June 7, 2012 at 1:01 am

Crime Blotter, Air Travel Edition…

Lynsie Murley, a 24-year-old Amarillo woman (pictured above, via Facebook), sued the TSA for negligence and intentional infliction of emotional distress in connection with a May, 2008 incident at the Corpus Christi airport.  As Smoking Gun reports:

Murley charged in her lawsuit that she was “singled out for extended search procedures,” and that a TSA agent frisked her and “pulled Plaintiff’s blouse completely down, exposing Plaintiff’s breasts to everyone in the area.”

TSA employees, Murley added, “joked and laughed about the incident for an extended period of time.” After leaving the security line to be “consoled by an acquaintance who had brought her to the airport,” Murley returned to the line, where a male TSA worker said that he had wished he was there when she first passed through. The employee, Murley recalled, added that “he would just have to watch the video.” The incident left Murley “extremely embarrassed and humiliated,” according to her complaint.

The government settled the suit.

In a resonant but still unresolved case, SG also reports on the case of Iurii Chumak…

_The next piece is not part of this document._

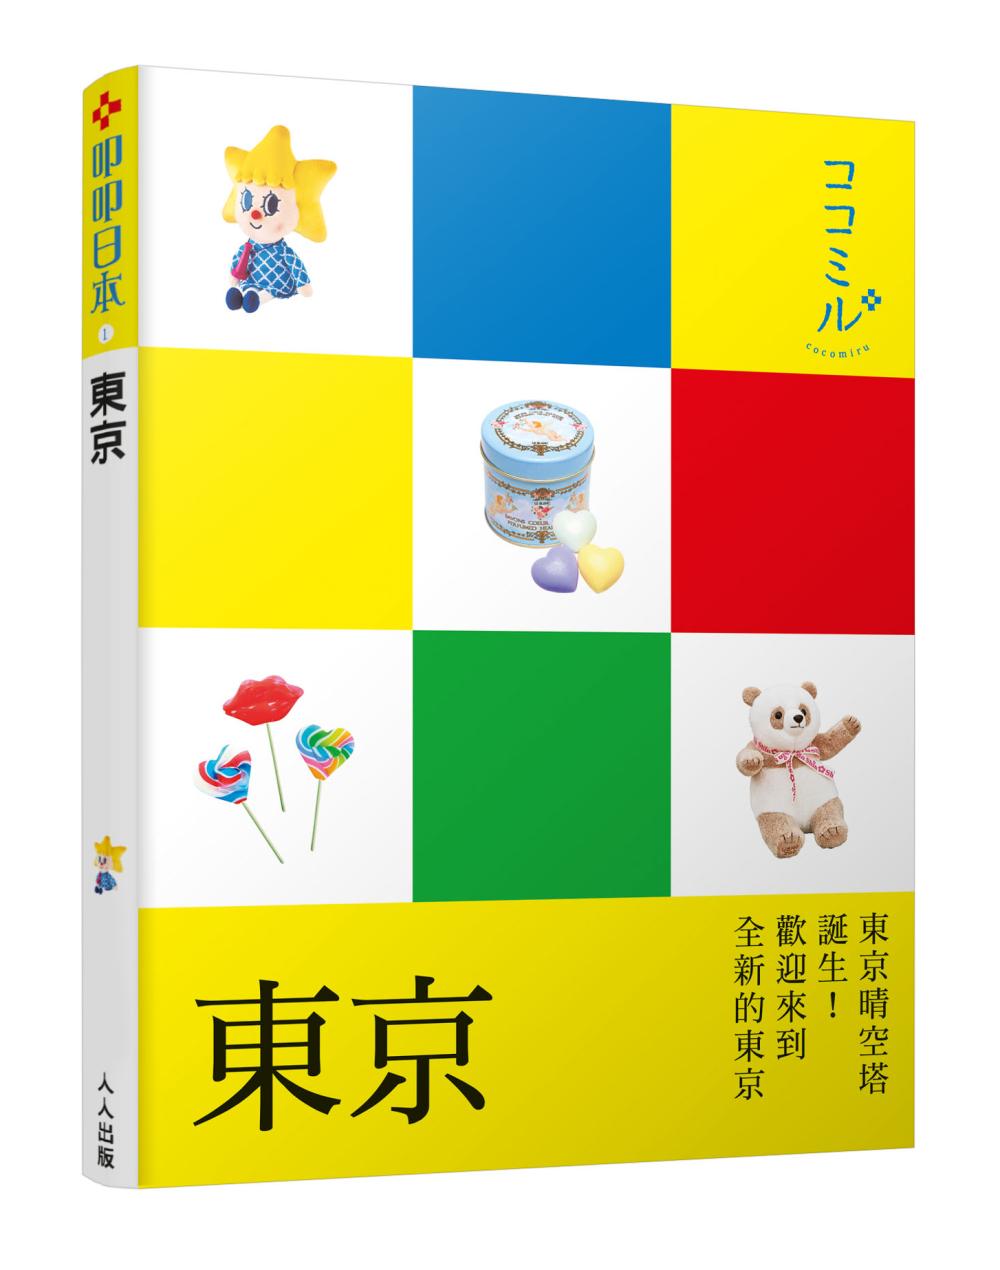 東京:叩叩日本系列1

The 53-year-old was arrested last month after allegedly groping a flight attendant while onboard a British Airways flight traveling from London to New York…  According to the FBI, Chumak placed his hand up the flight attendant’s skirt and “grabbed her genital area” when she bent over to pour coffee for another passenger. Although the incident was witnessed by a second flight attendant, who immediately placed him in restraints, Chumak maintained that he had simply been “drinking on the airplane, fell asleep, and woke up in restraints.”

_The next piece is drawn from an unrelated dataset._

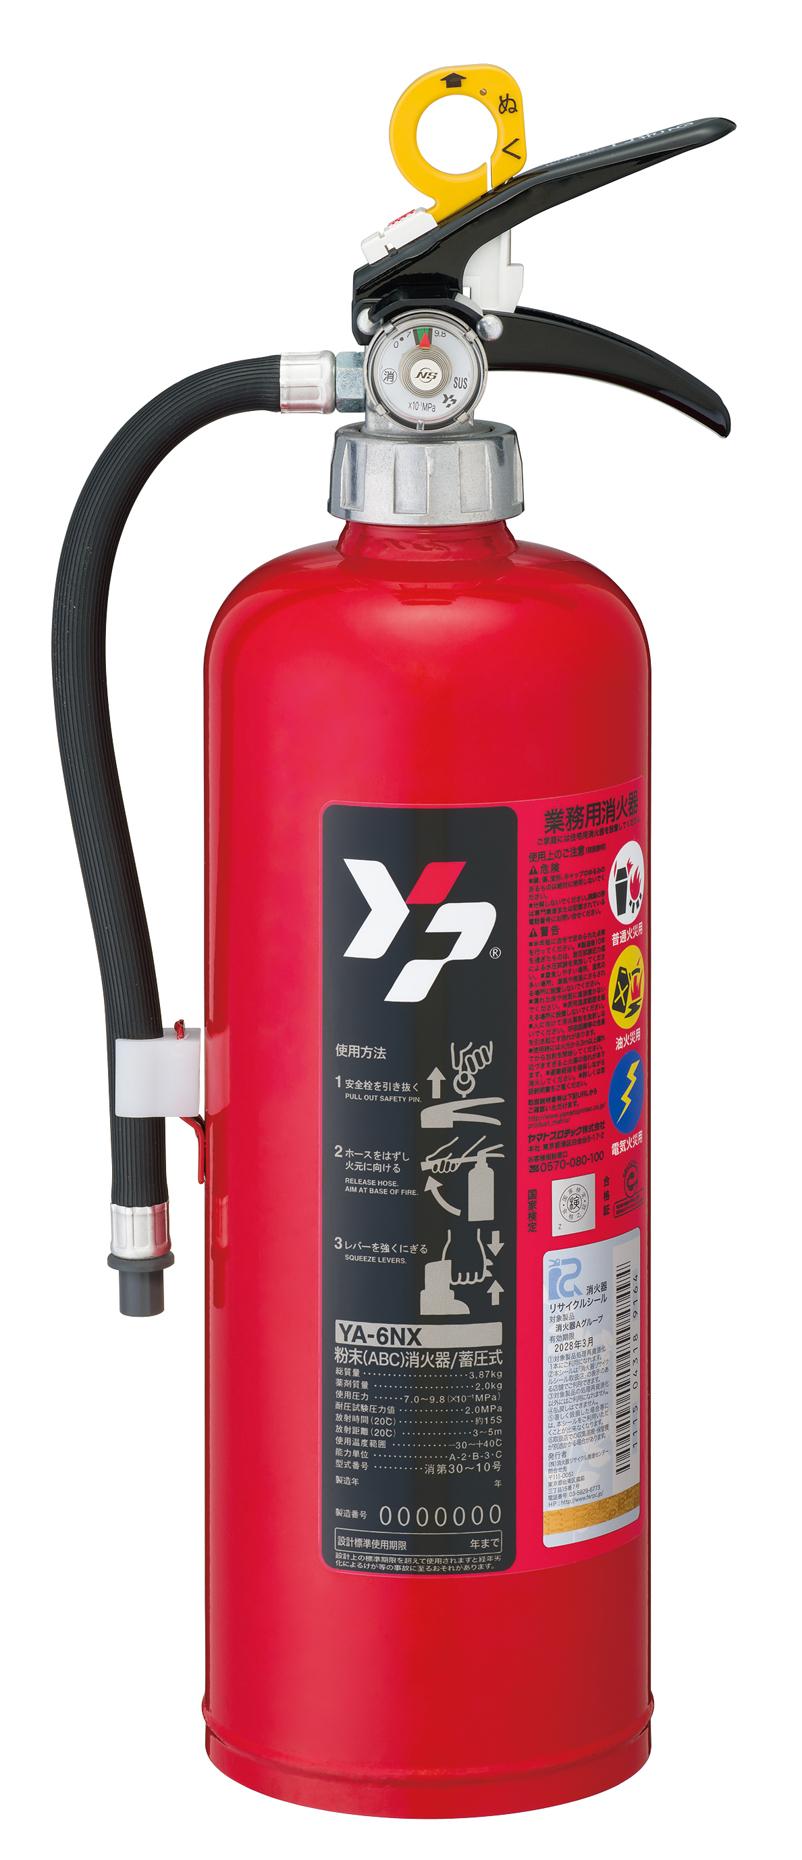 粉末(ABC)蓄圧式消火器 YA-6NX

Since his bust, Chumak has been locked up at the Metropolitan Detention Center in Brooklyn. He was named last week in a misdemeanor criminal information charging him in connection with the in-flight April 28 incident (the filing of an information–in lieu of a grand jury presentment by federal prosecutors–often indicates that a defendant is negotiating a guilty plea).

 

As we reconsider our travel plans, we might console ourselves that it was on this date in 1886 that President Grover Cleveland married Frances Folsom in a White House ceremony.